== Information shown ==

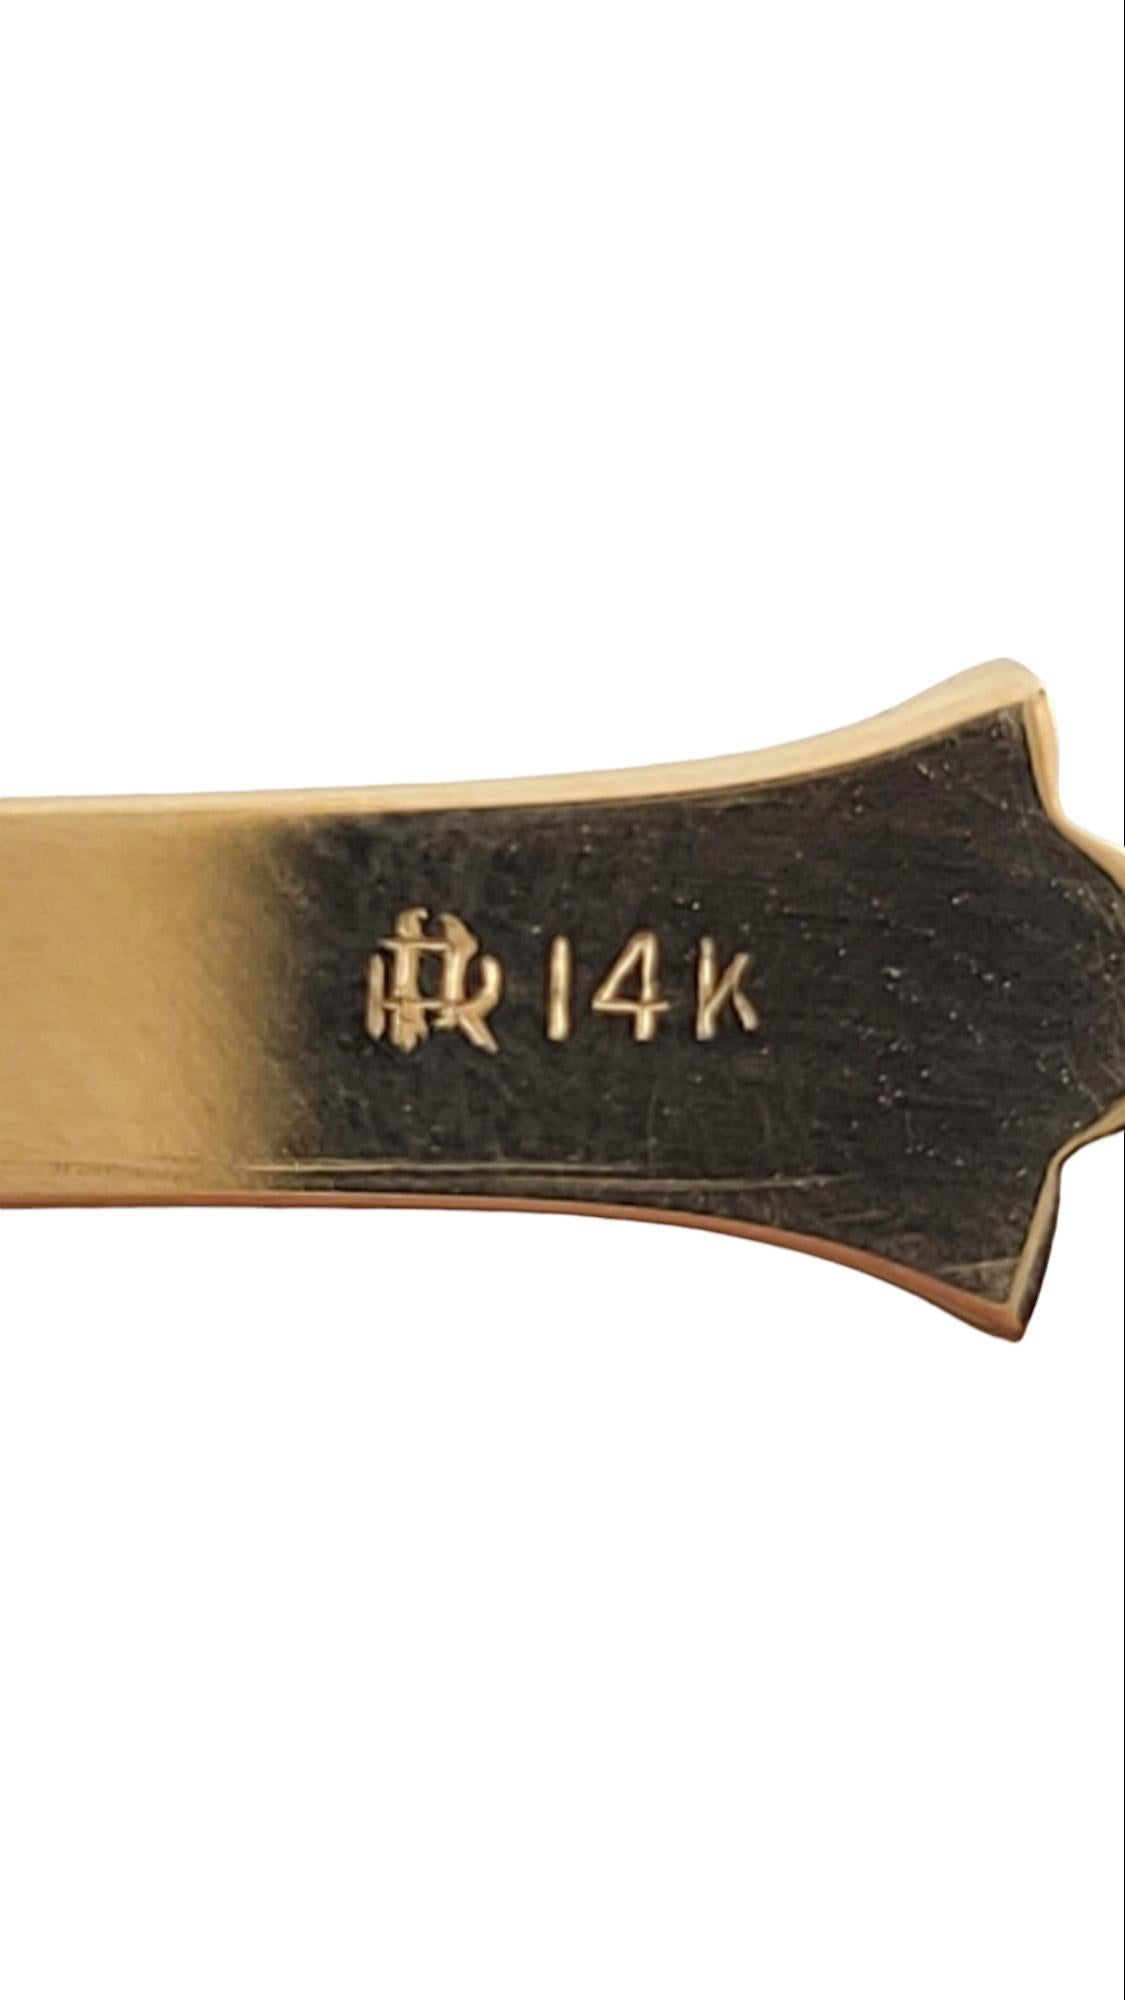  14K Yellow Gold Cross Pendant #15154 For Sale 1
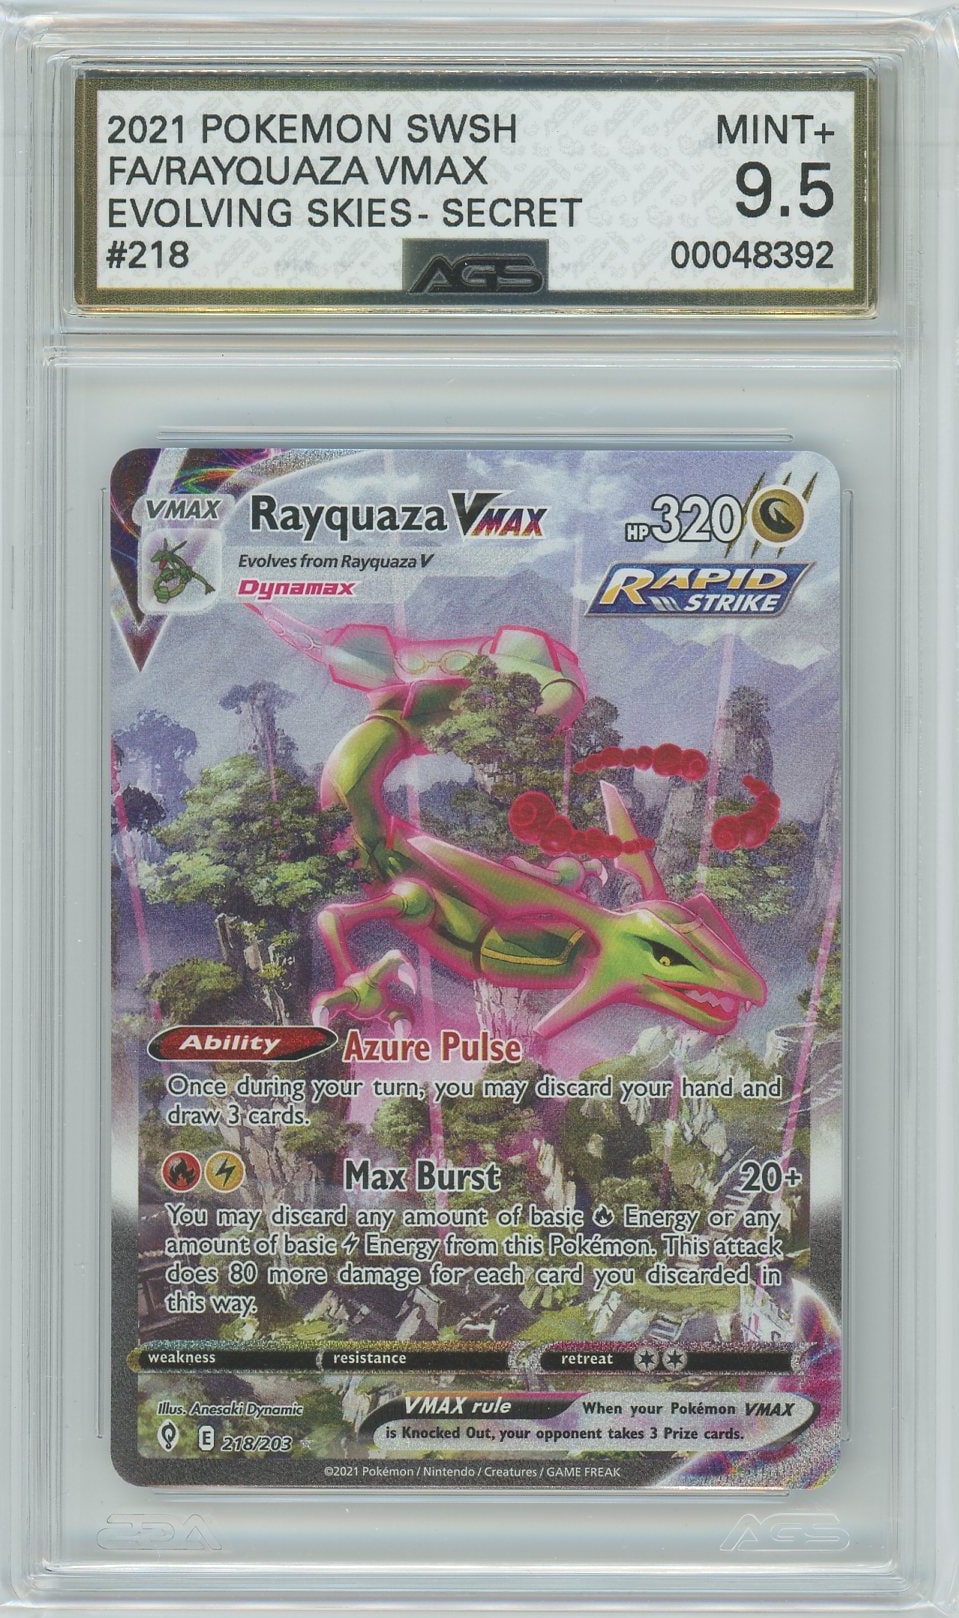 Rayquaza VMAX, Pokémon
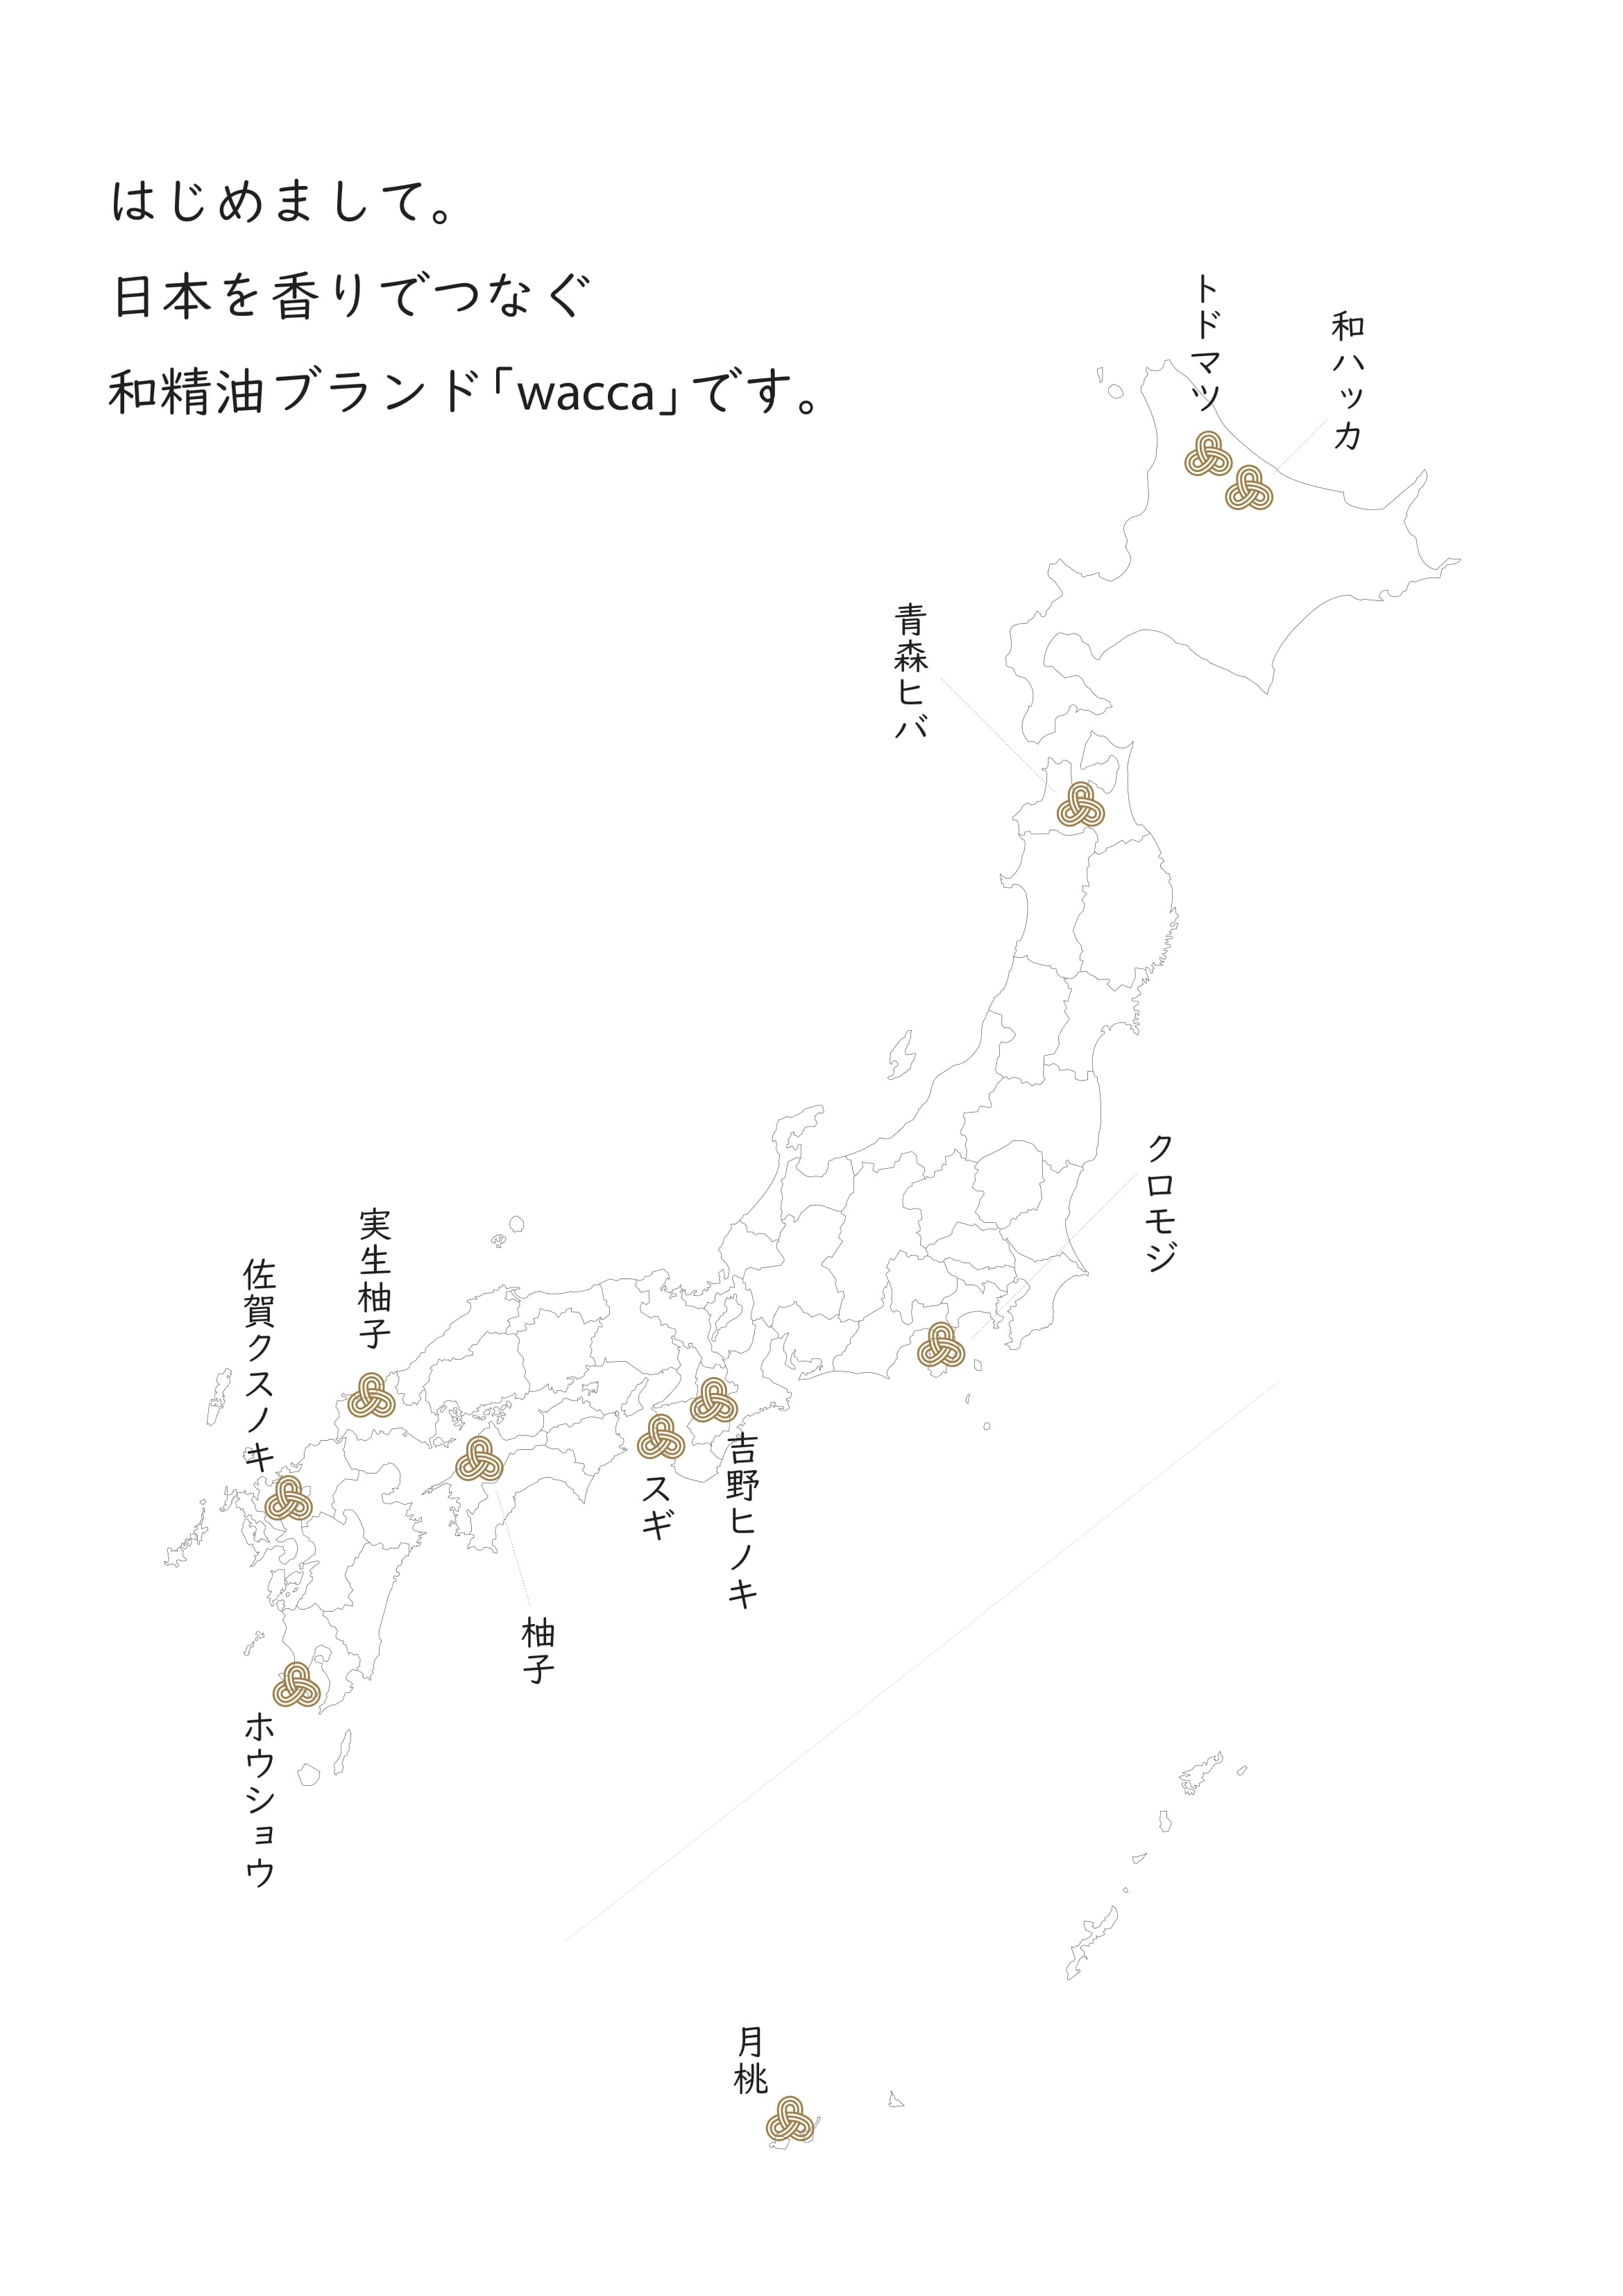 wacca 日本北海道薄荷精油 (最佳使用期: 07/2024)
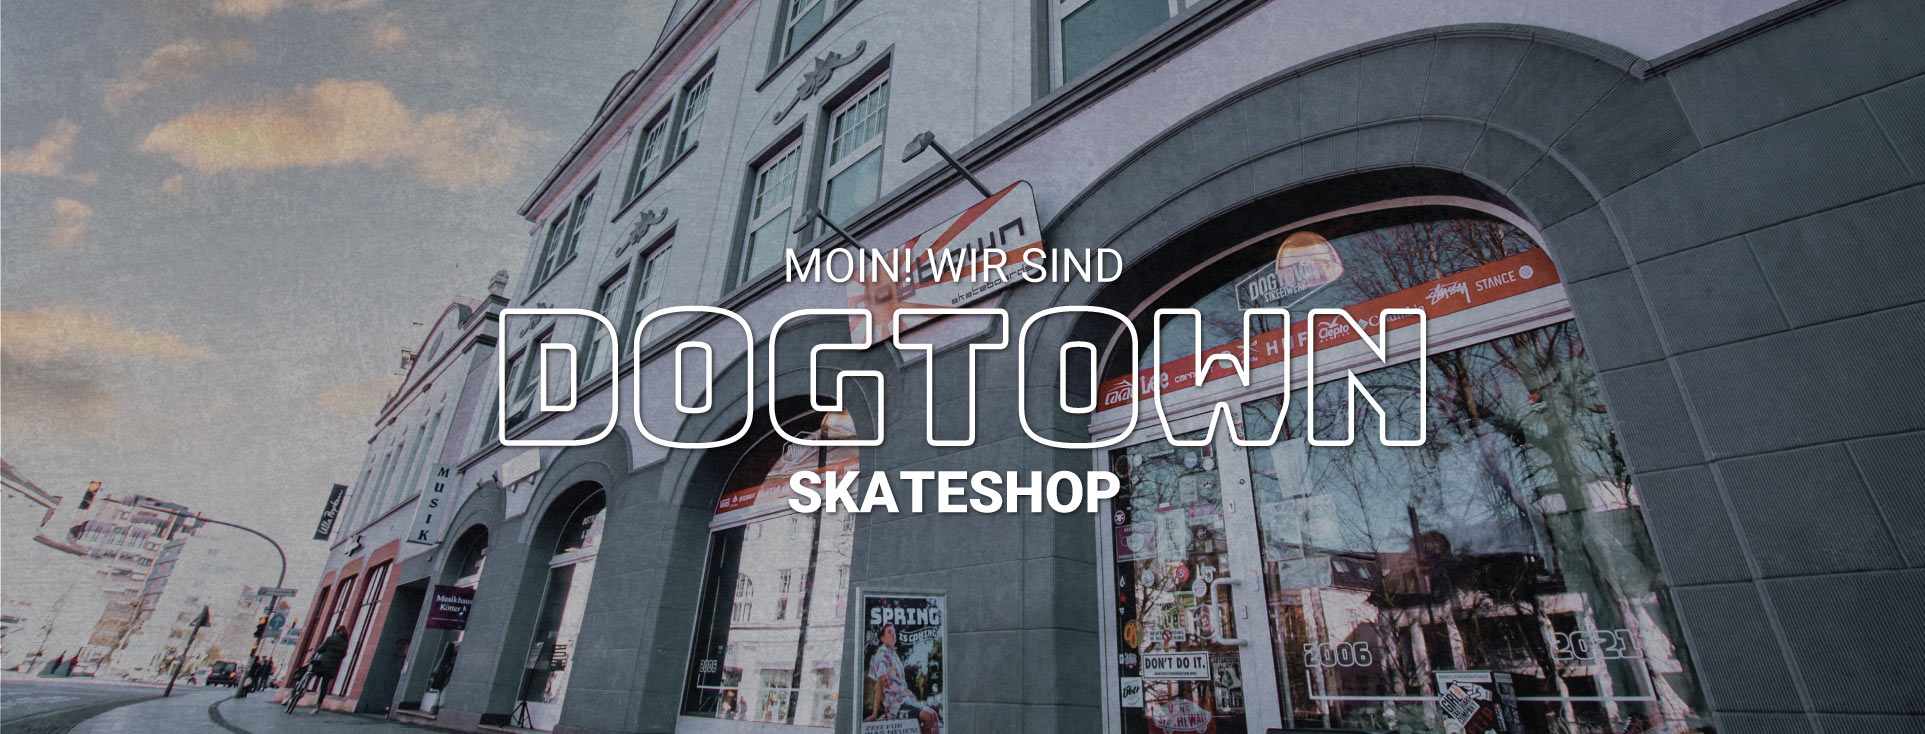 Dogtown-Skateshop Oldenburg

===

◆ Exercise brief: Word-for-word transcription: the whole listing, with images excluded.

◆ Reply:
  14K Yellow Gold Cross Pendant #15154 For Sale 1
 Rayquaza VMAX, Pokémon
 wacca 日本北海道薄荷精油 (最佳使用期: 07/2024)
 Dogtown-Skateshop Oldenburg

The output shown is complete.